● Problem description:
Look below for the line containing "副産物禁止子音五島つばき茶 90包"; from there through the line containing "La Manzana Mordida", both lines included, please set down each line exactly and nothing else.

● Given entries:
↓↓↓
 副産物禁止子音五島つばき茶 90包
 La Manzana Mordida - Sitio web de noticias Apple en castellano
↑↑↑
↓↓↓
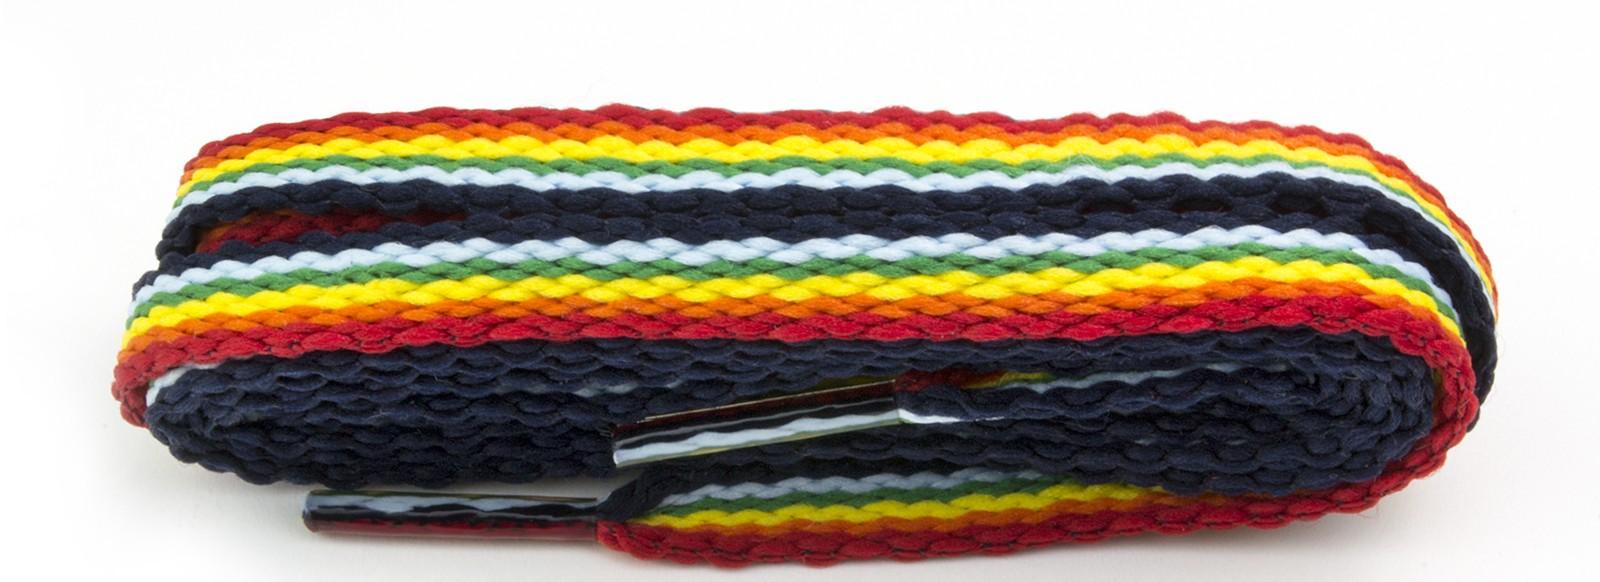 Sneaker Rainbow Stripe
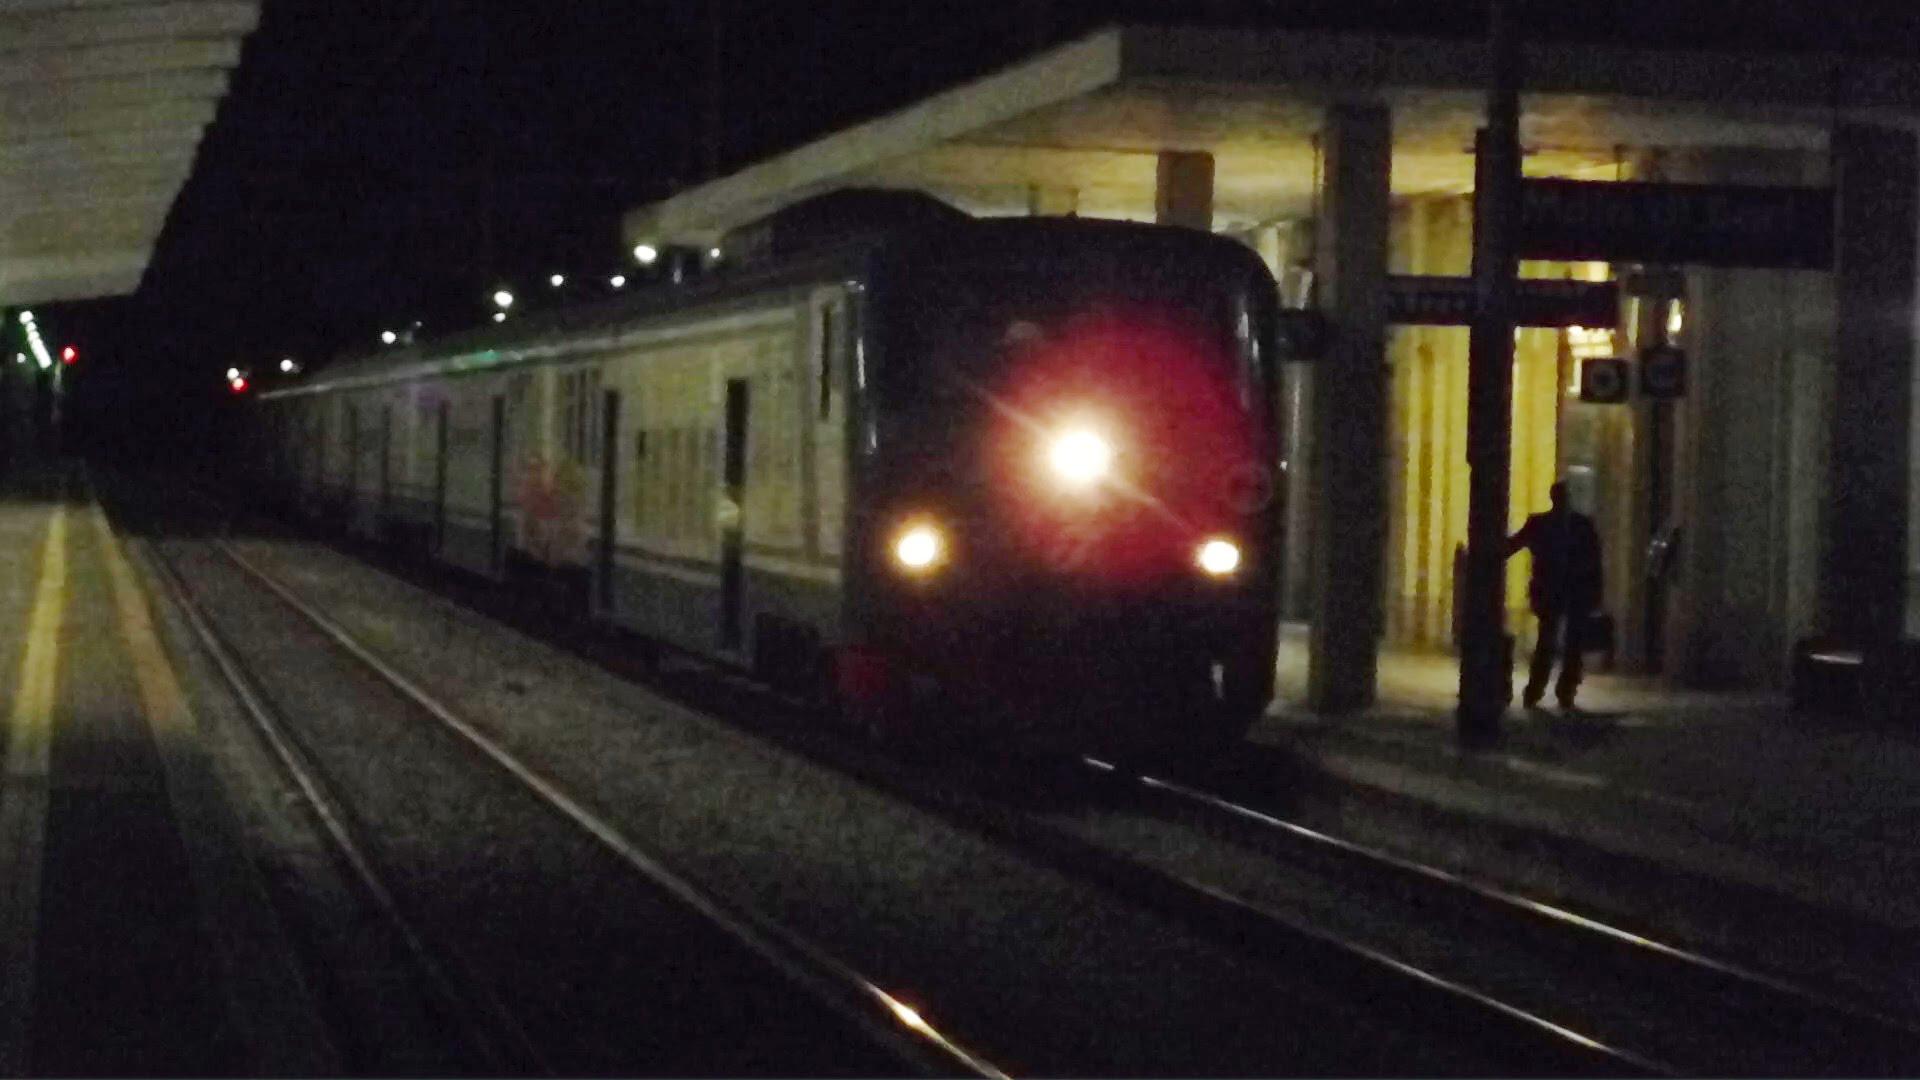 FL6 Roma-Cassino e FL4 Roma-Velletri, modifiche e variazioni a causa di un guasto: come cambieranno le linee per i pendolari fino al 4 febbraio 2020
↑↑↑
● Answer box:
 副産物禁止子音五島つばき茶 90包
 La Manzana Mordida - Sitio web de noticias Apple en castellano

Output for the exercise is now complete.